Concepto de publicidad

 

          La comunicación publicitaria tiene tal variedad de facetas y tan diversas manifestaciones que su conceptualización no resulta fácil[1]. En la primera parte de la exposición atenderemos al concepto que se ha dado en los textos normativos, concepto que no acoge a toda la publicidad por lo que será necesario detenerse en la opinión doctrinal para delimitar qué es publicidad.

Lo que a nosotros nos interesa desde el punto de vista jurídico de la protección de los consumidores es la publicidad comercial. El desarrollo normativo de este tipo de publicidad lo encontramos tanto a nivel nacional como europeo.

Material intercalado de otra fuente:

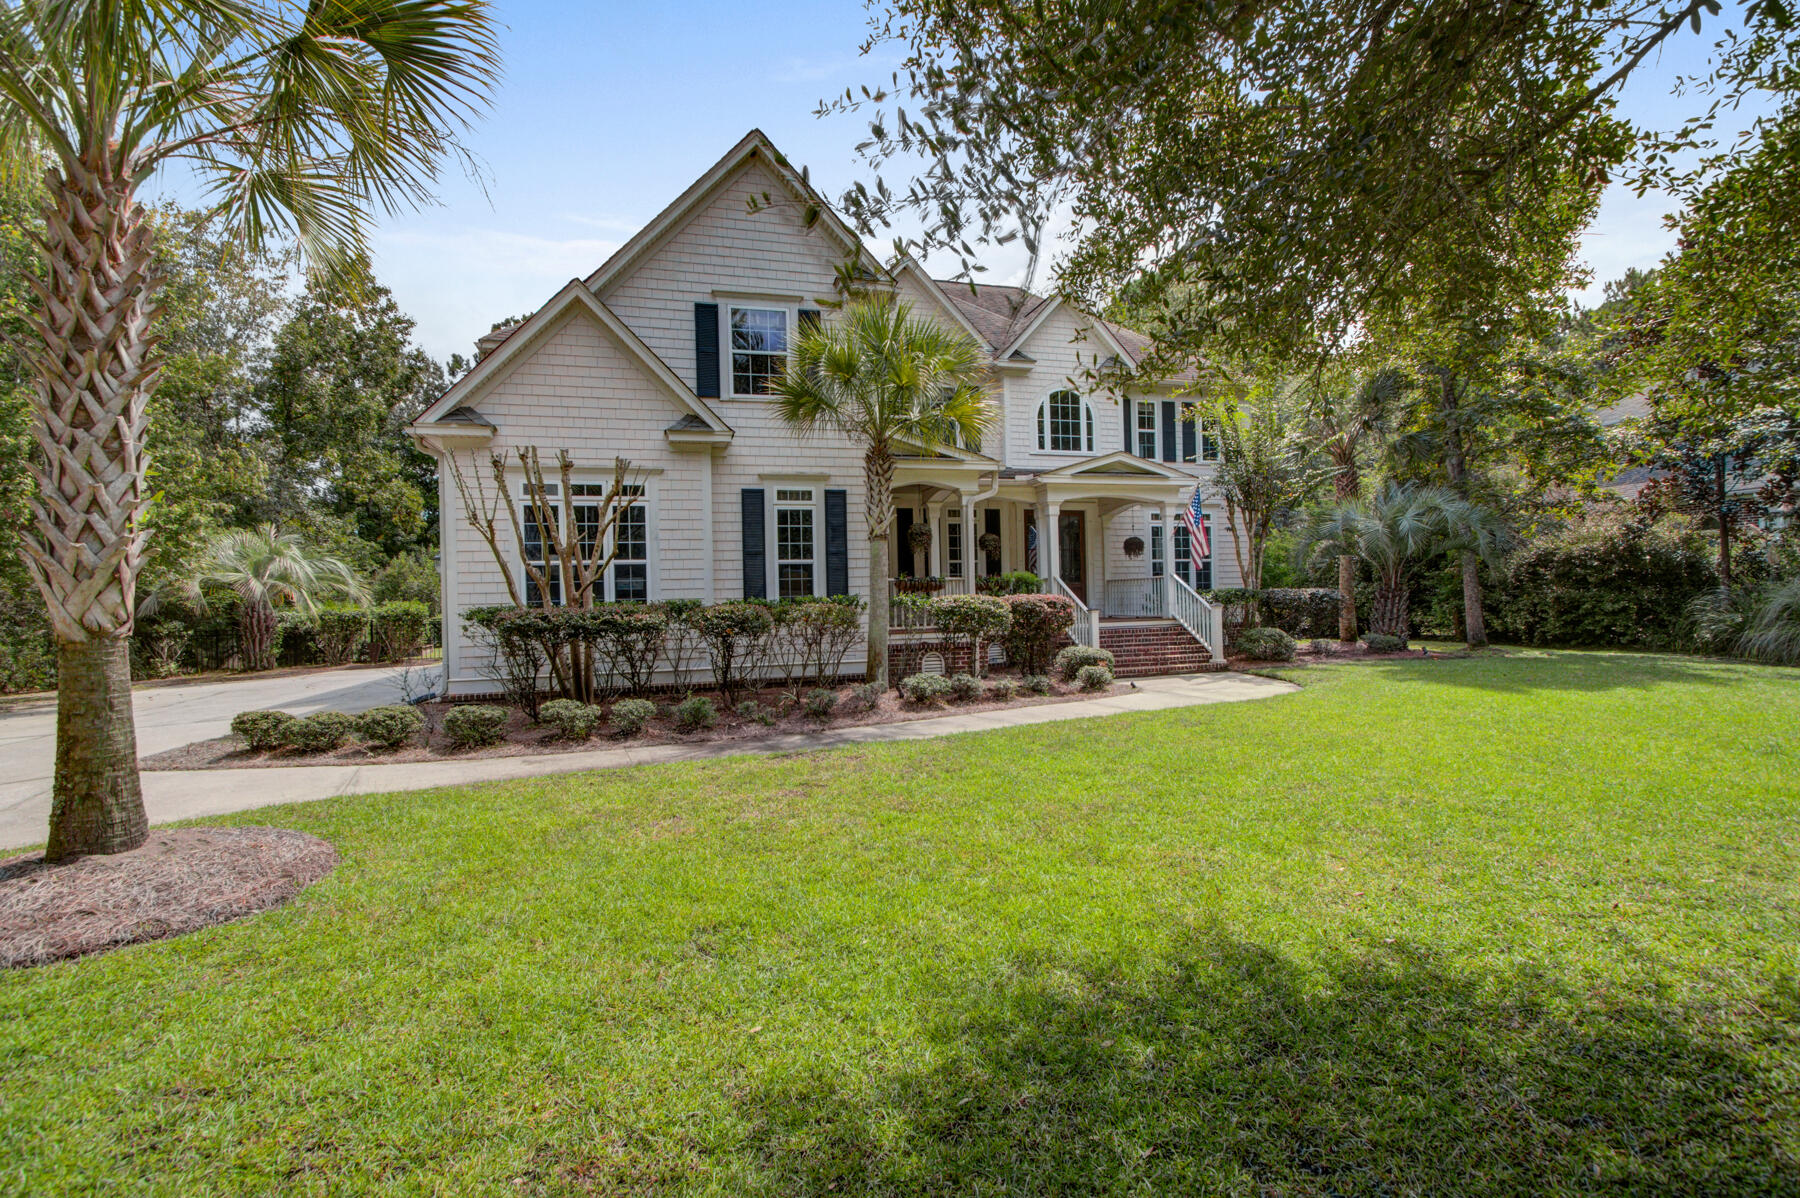 Dunes West Homes For Sale - 3095 Pignatelli, Mount Pleasant, SC - 47

La Ley general de publicidad 34/1988, de 11 de noviembre[2], define la publicidad como “toda forma de comunicación realizada por una persona física  o jurídica, pública o privada, en el ejercicio de una actividad comercial, artesanal o profesional, con el fin de promover de  forma directa o indirecta la contratación de muebles, inmuebles, servicios, derechos y obligaciones”[3]. A pesar de que la Ley utiliza este concepto para definir la publicidad sin especificar nada más, debemos decir que lo que se está definiendo es la publicidad a efectos de dicha Ley y en ningún caso se está dando un concepto genérico de publicidad que abarcaría mucho más, como expondremos posteriormente. De este modo y aunque estemos ante una ley general el concepto de publicidad se encuentra limitado a la publicidad comercial[4], algo de lo que es consciente el propio legislador que en el artículo 9 señala que serán de aplicación las normas contenidas en el Titulo III de la Ley a todos los contratos publicitarios aún cuando versen sobre actividades distintas a las comprendidas en el artículo 2; por lo cual la Ley general de publicidad sólo es general en materia de contratos publicitarios[5]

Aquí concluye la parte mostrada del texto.